Open HNUZCC opened 1 month ago
Hi HNUZCC,
I'm sorry for not getting back to you sooner. I just saw this message.
In your experiments, you run the overall data, which has 2,785 data instances, with 1,271 labelled as required retrieval and 1,514 labelled as do not require retrieval. We have presented these results in Table 10 in the Appendix (see Appendix A.6). On the other hand, the 28.2 Always Retrieval match score for Model-based TinyLlama (1.1B) in Table 1 was only evaluated on the 1,271 questions that require retrieval.
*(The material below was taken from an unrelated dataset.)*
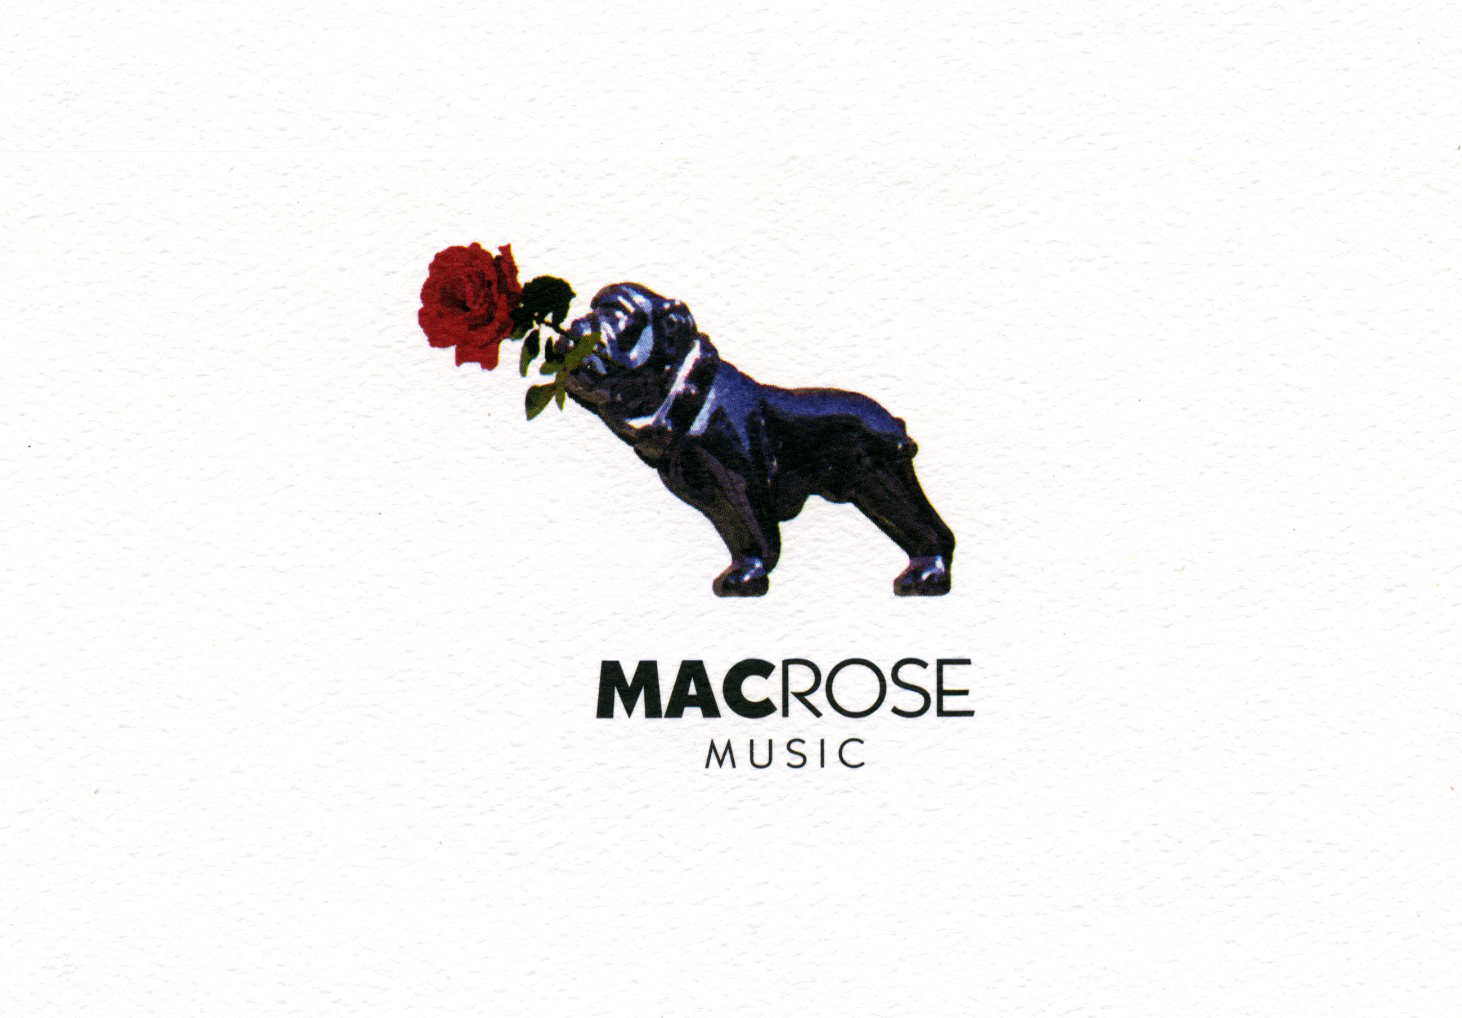 Macrose music logo.jpg
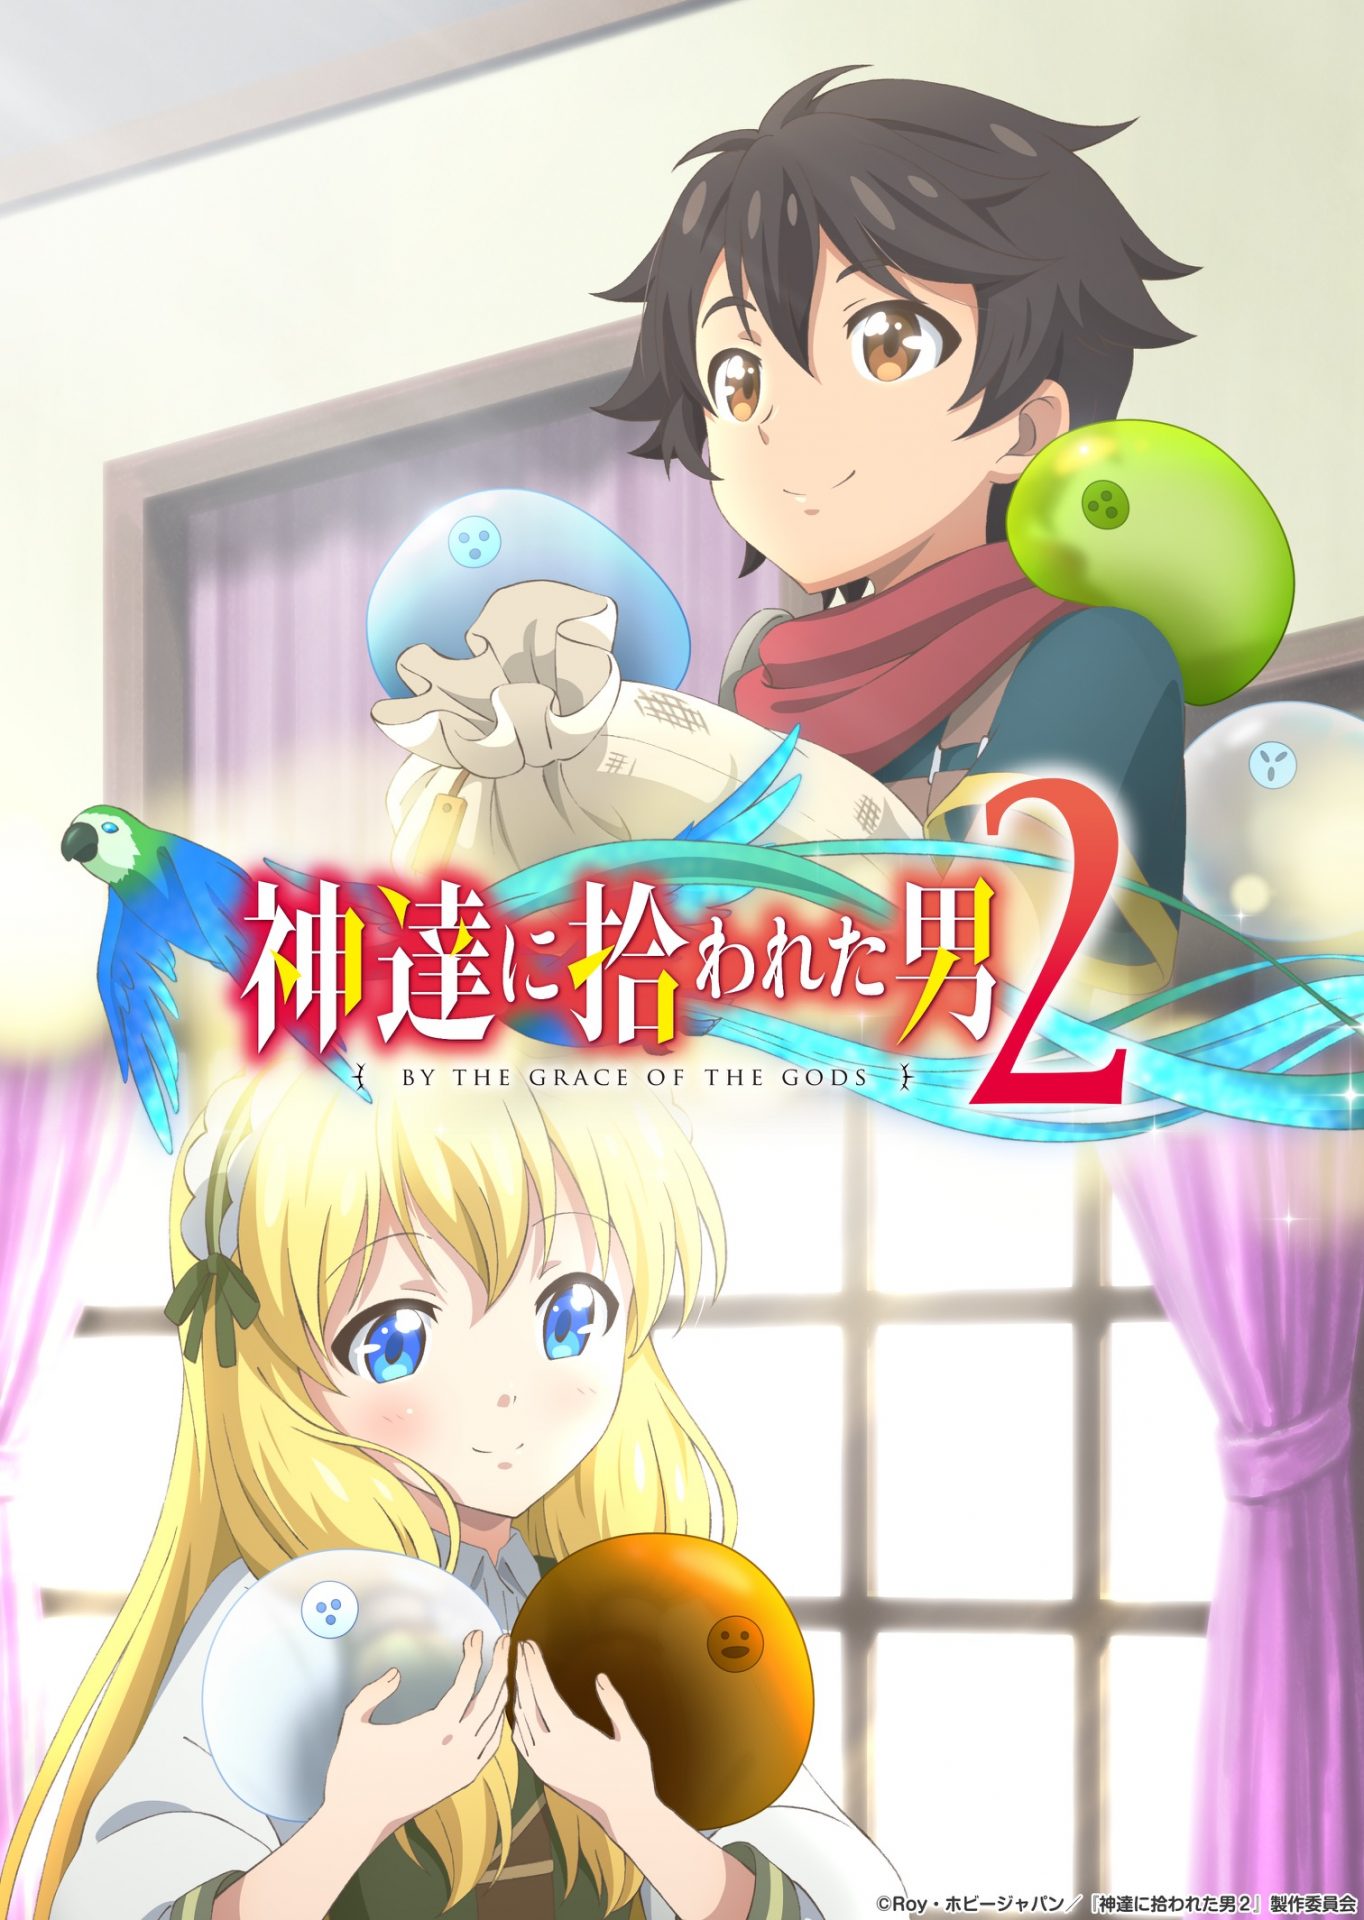 L'anime Kamitachi ni Hirowareta Otoko Saison 2, annoncé - Adala News

As stated in Section 3.2, different from strict matching, match score measures whether gold answers are included in the model predictions. So, for example, if "Canada" is the gold answer, and the model prediction is "The answer is Canada". Then, the match score would be 1, but the strict match score would be 0.
I run the bash run_lm.sh
show: ======= estimate no retrieval (q) API cost: 0.017889500000000003, total tokens #: 35779 ================ ======= estimate always retrieval (q+context) API cost: 0.892045, total tokens #: 1784090 ================ ======= total retrieval: [2785/2785] ================
{'data_source': 'retrievalqa', 'total_data_count': 2785, 'retrieval_frequency': 2785, 'retrieval_rate': 100.0, 'match_score': 59.9, 'f1_score': 15.2, 'em_score': 0.1, 'accuracy_score': 34.3, 'match_total': 1667, 'f1_total': 424.5294026557026, 'em_total': 4.0, 'accuracy_total': 954.0, 'total_q_tokens': 35779, 'total_context_tokens': 1748311, 'total_no_retrieval_tokens': 35779, 'total_always_retrieval_tokens': 1748311, 'estimate_no_retrieval_cost': 0.017889500000000003, 'estimate_always_retrieval_cost': 0.892045, 'saved_cost_rate': 0.9799455184435762, 'args': {'openai_config_path': './openai_config.txt', 'data_source': 'retrievalqa', 'retrieval_mode': 'always_retrieval', 'input_data_path': './data/retrievalqa.jsonl', 'output_score_path': './results/always_retrieval/TinyLlama/TinyLlama-1.1B-Chat-v1.0/m=vanilla/t=0.0/score_retrievalqa_seed20.json', 'output_prediction_path': './results/always_retrieval/TinyLlama/TinyLlama-1.1B-Chat-v1.0/m=vanilla/t=0.0/predict_retrievalqa_seed20.jsonl', 'model_name': 'TinyLlama/TinyLlama-1.1B-Chat-v1.0', 'max_tokens': 100, 'batch_size': 1, 'doc_top_n': 5, 'limit_input': 0, 'prompt_method': 'vanilla', 'seed': 20, 'temperature': 0.0, 'top_p': 1.0, 'world_size': 1}} ./results/always_retrieval/TinyLlama/TinyLlama-1.1B-Chat-v1.0/m=vanilla/t=0.0 ./results/always_retrieval/TinyLlama/TinyLlama-1.1B-Chat-v1.0/m=vanilla/t=0.0
but the article shows that Model-based TinyLlama (1.1B) Always Retrieval match is 28.2. what is the match mean? The reproduced data seems to be inconsistent with it, is it my misunderstanding or my operational error?